Families with toddlers were recruited via social media and word of mouth. Parents completed an eligibility survey with the following criteria: toddler aged 18 to 34 months, gestation at least 37 weeks, no signs of hearing loss, no other medical diagnoses that would impact language development, learning American English as a first language, and lives in the United States. Additional inclusion criteria included access to a smartphone and Internet.

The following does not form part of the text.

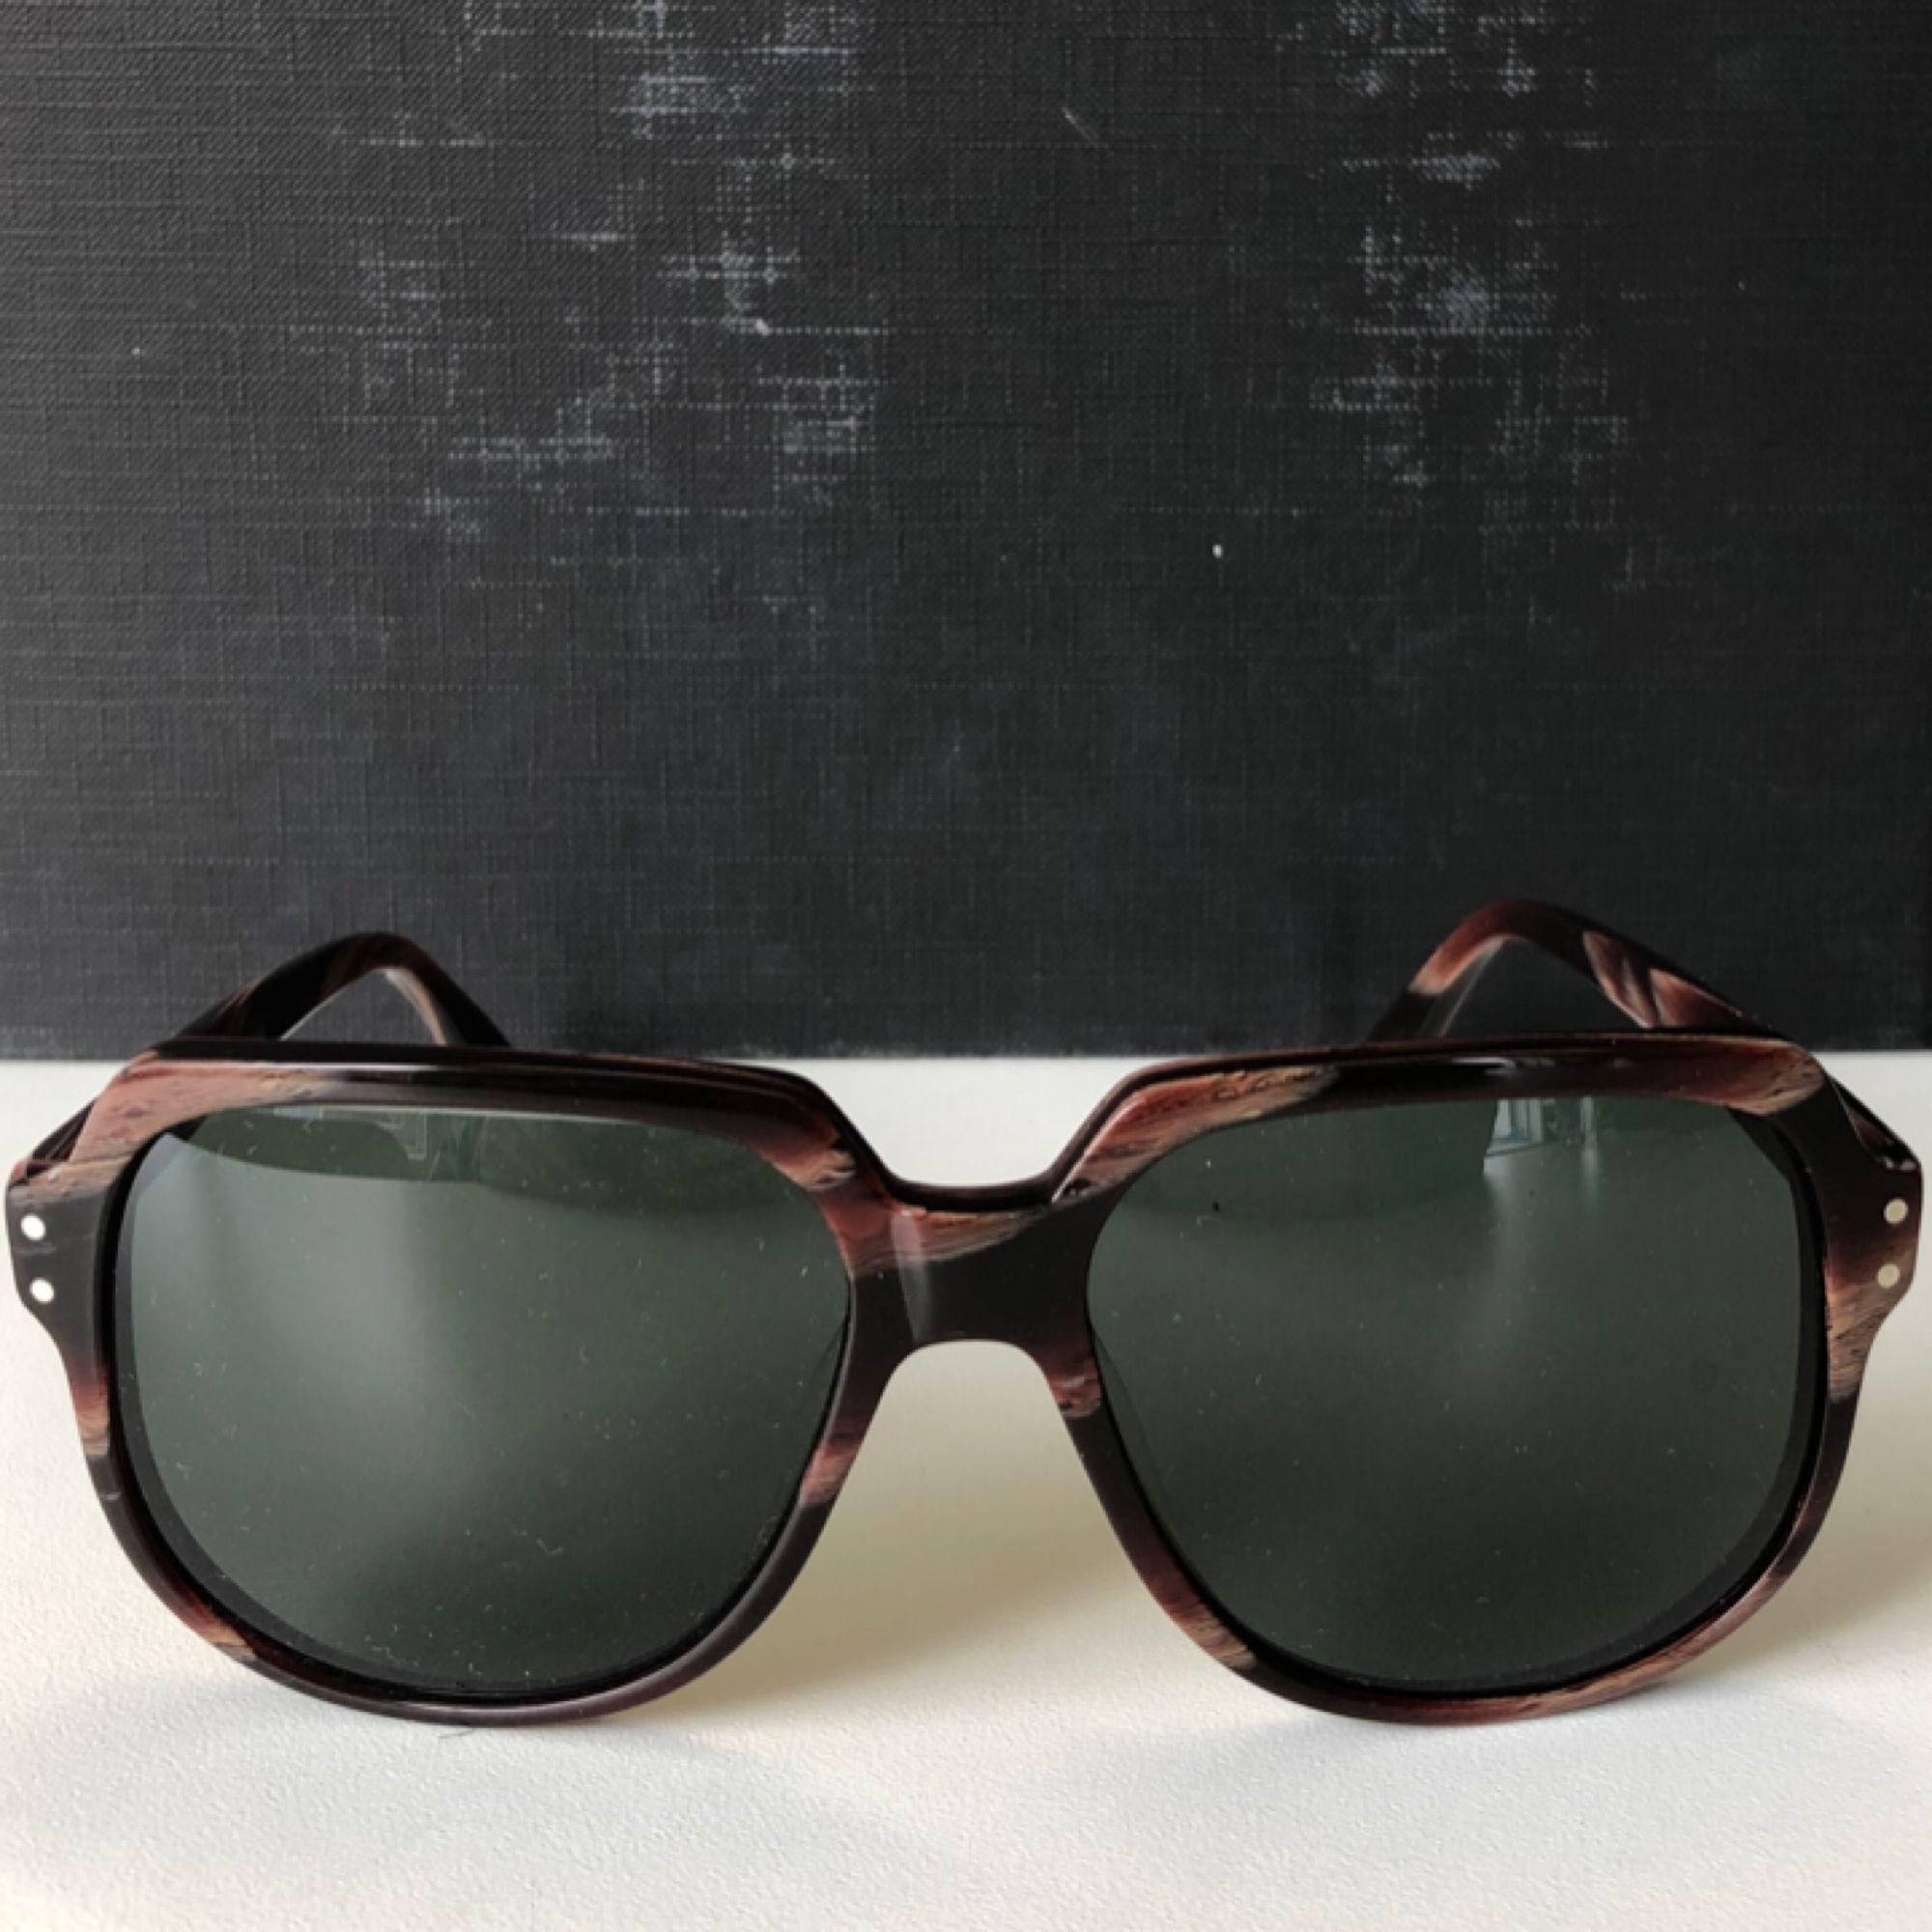 Solglasögon från märket Hyde's, modell no14 Juan maclean. Fint skick, knappt använda! . Accessoarer.

The planned sample size for this pilot study was 20 children in the mixed visit structure and approximately 60 children in the video chat structure. Data were initially collected from 77 participants. One child was excluded whose video was lost due to a technical error (at Timepoint 1, central to current analyses). We excluded 14 children whose samples were transcribed but did not reach the minimum level of 50 complete (not interrupted or abandoned) and intelligible utterances at all timepoints, as this is considered a minimum for clinical and research sample validity (Eisenberg, 2001; Heilmann et al., 2010). An SLP then reviewed these transcripts and confirmed that children were primarily in proto-word or babbling stages and used few real words. Furthermore, three children from the mixed visit structure group are included in between-group but not within-group analyses, as one child's Timepoint 4 video quality was unusable and two families were pilot participants in the mixed-visit structure who completed samples at Timepoints 1, 2, and 3 only.

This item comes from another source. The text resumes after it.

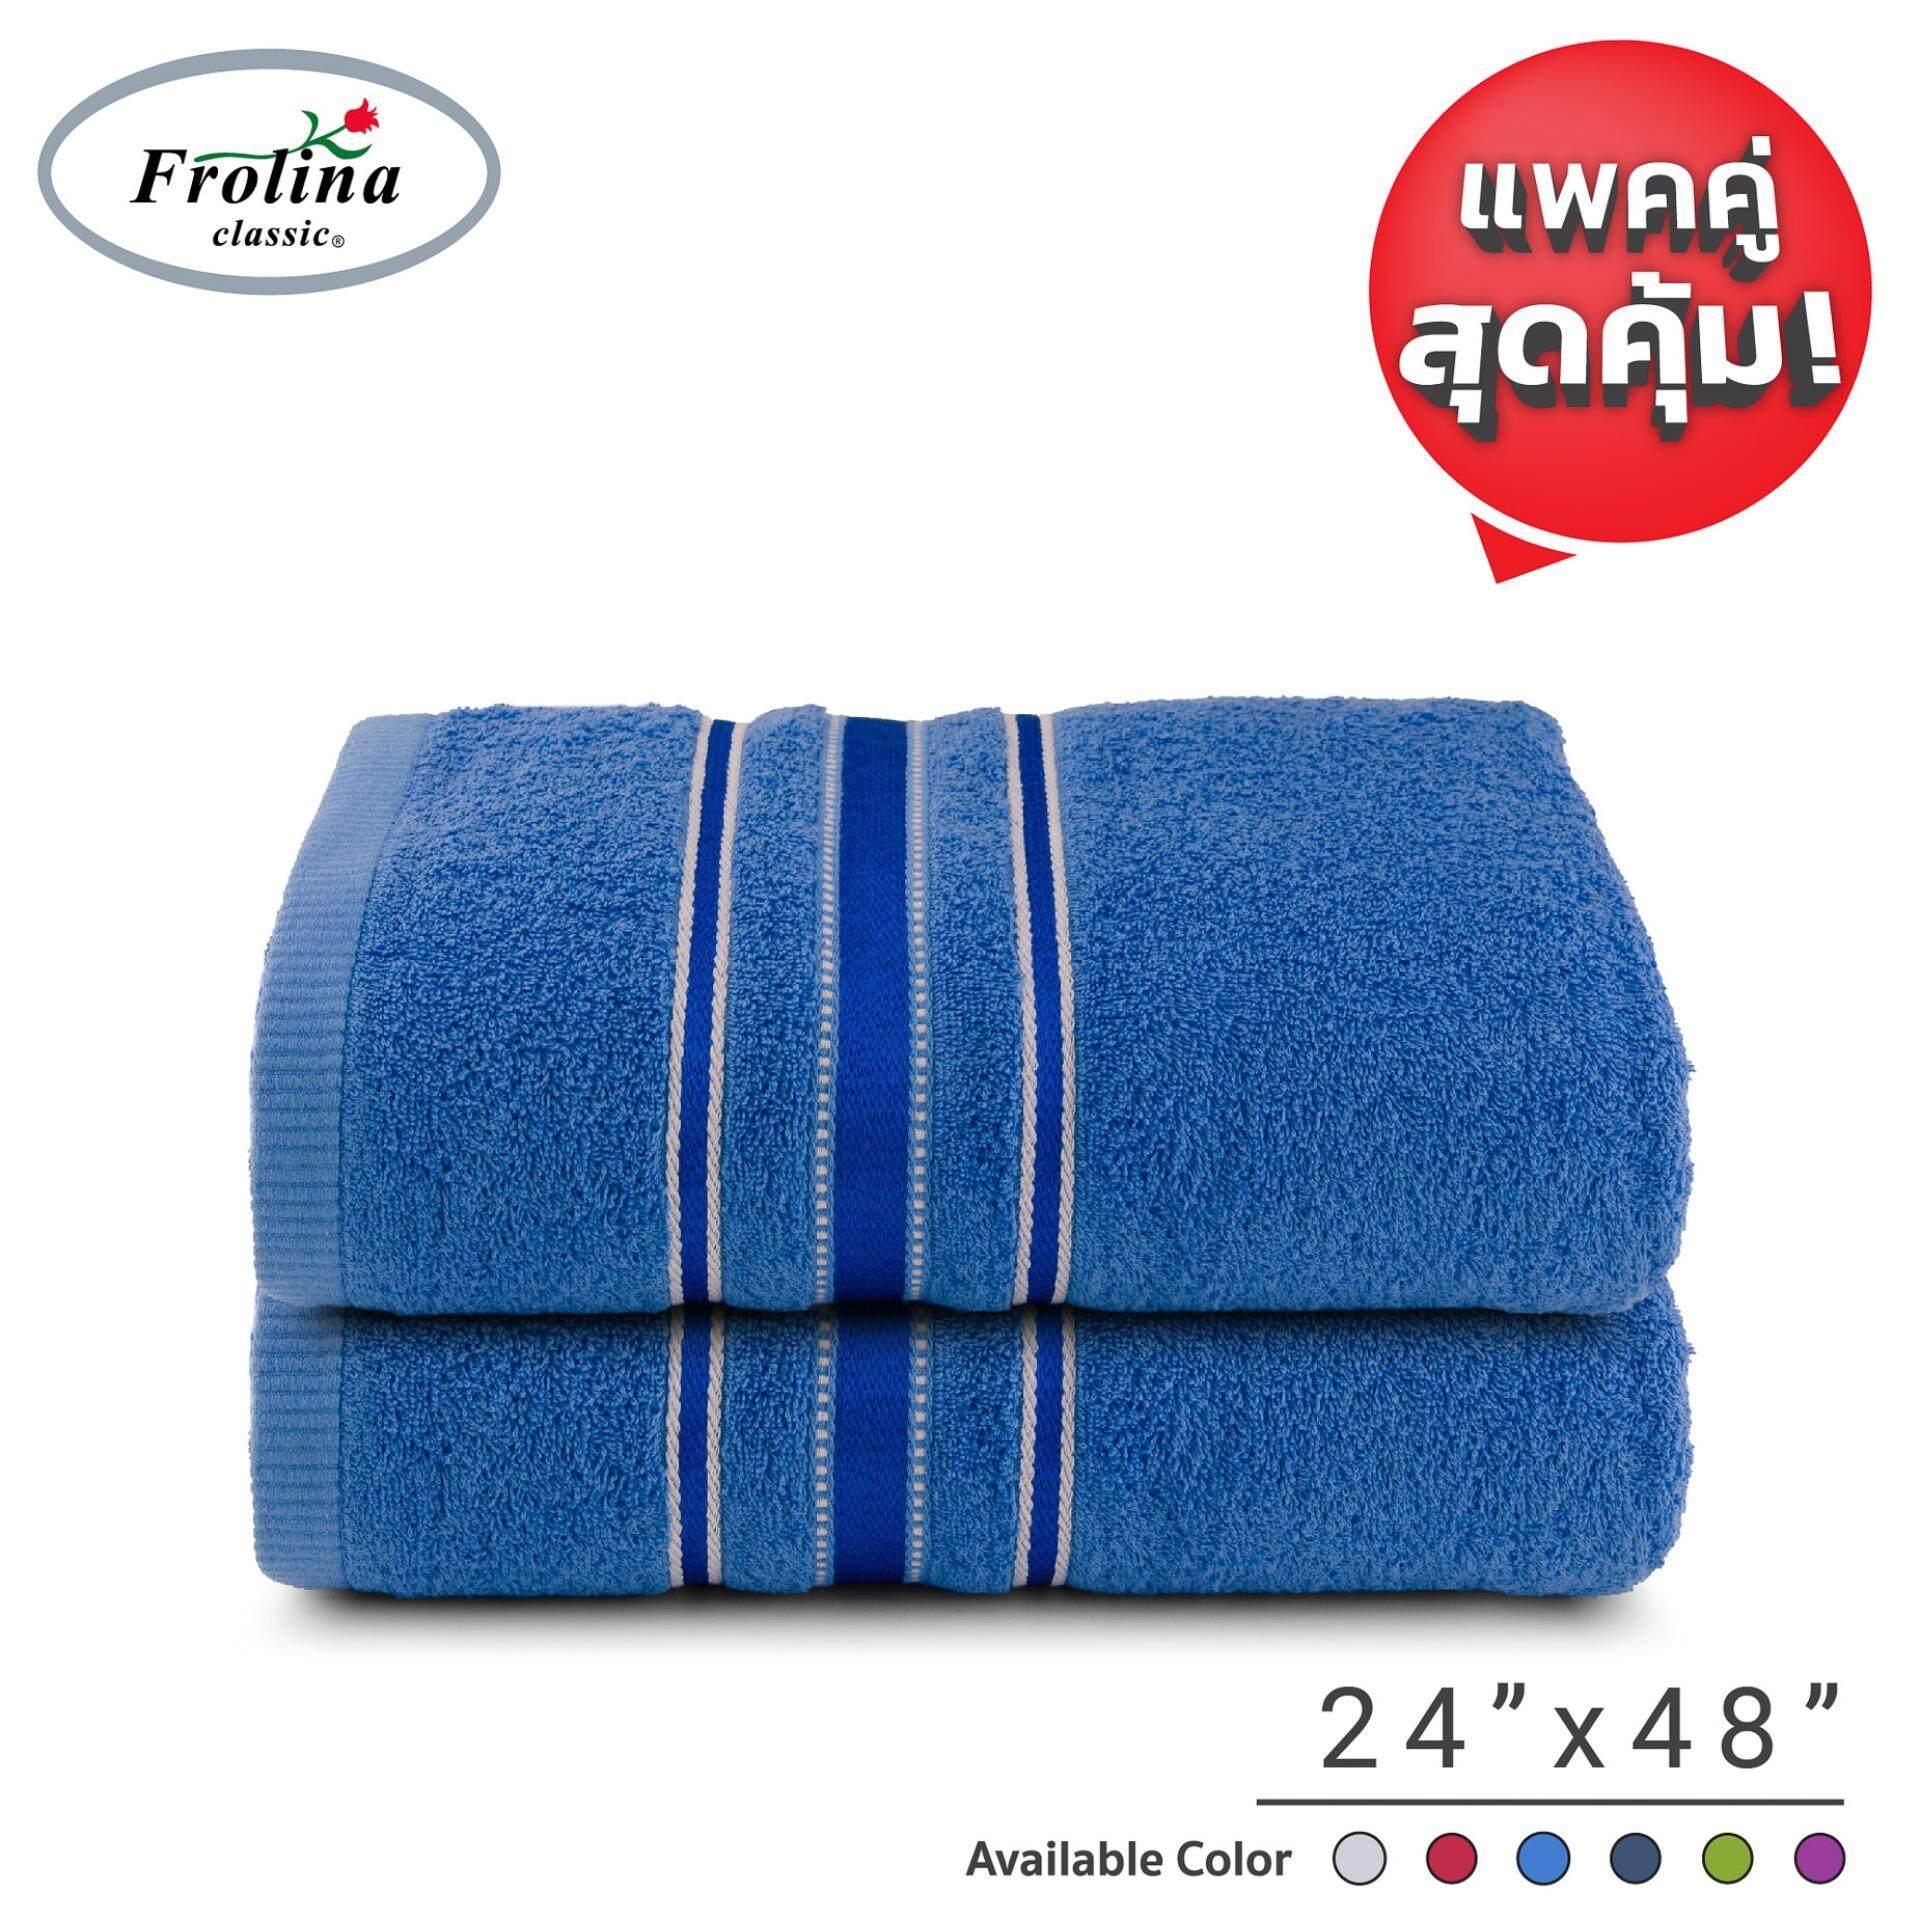 Frolina  ผ้าขนหนูเช็ดตัวสำหรับเด็ก ขนาด  24x48 นิ้ว Set 2 ผืน รุ่น Solid03

Participants were diverse in terms of racial/ethnic background. Parents reported their child's race. The mixed visit structure group included 6.3% American Indian or Alaska Native; 25.0% Black/African American, 6.3% Native Hawaiian/Pacific Islander, and 62.5% Caucasian; 18.8% were Hispanic. The video chat group included 8.7% Asian, 8.7% Black/African American, 63.0% Caucasian, and 19.6% more than one race; 6.5% were Hispanic.

Procedure

Parent Intervention

The pilot parent intervention is not a focus of the current study but is described here given the multiple measures in the mixed visit group during intervention. Families were told that they would be assigned to one of two app versions, each of which sent reminders to the parent's smartphone 5 times per day. The study app provided parents with tips for rich quality and quantity of language interactions, customized to the child's age; the control app provided only generic reminders about quantity (e.g., “Remember to talk to Jaden!”). All families in the mixed visit structure were assigned to the study app; families in the video chat structure were pseudorandomized into the study or control app, matching for demographics. Families were not told whether their app was the study app or control app, but at the end of intervention, all families were invited to use or to continue using the study app if they wished.

Language Sample Procedures

Unstructured play with the parent was used as the sampling context for both in-person and video chat language samples; parents were told to play with their child the way they normally would so that researchers could observe the child's language abilities. Examiners were instructed to collect at least 15 min of parent–child interaction and to collect 20 min or more if the child was not using much language.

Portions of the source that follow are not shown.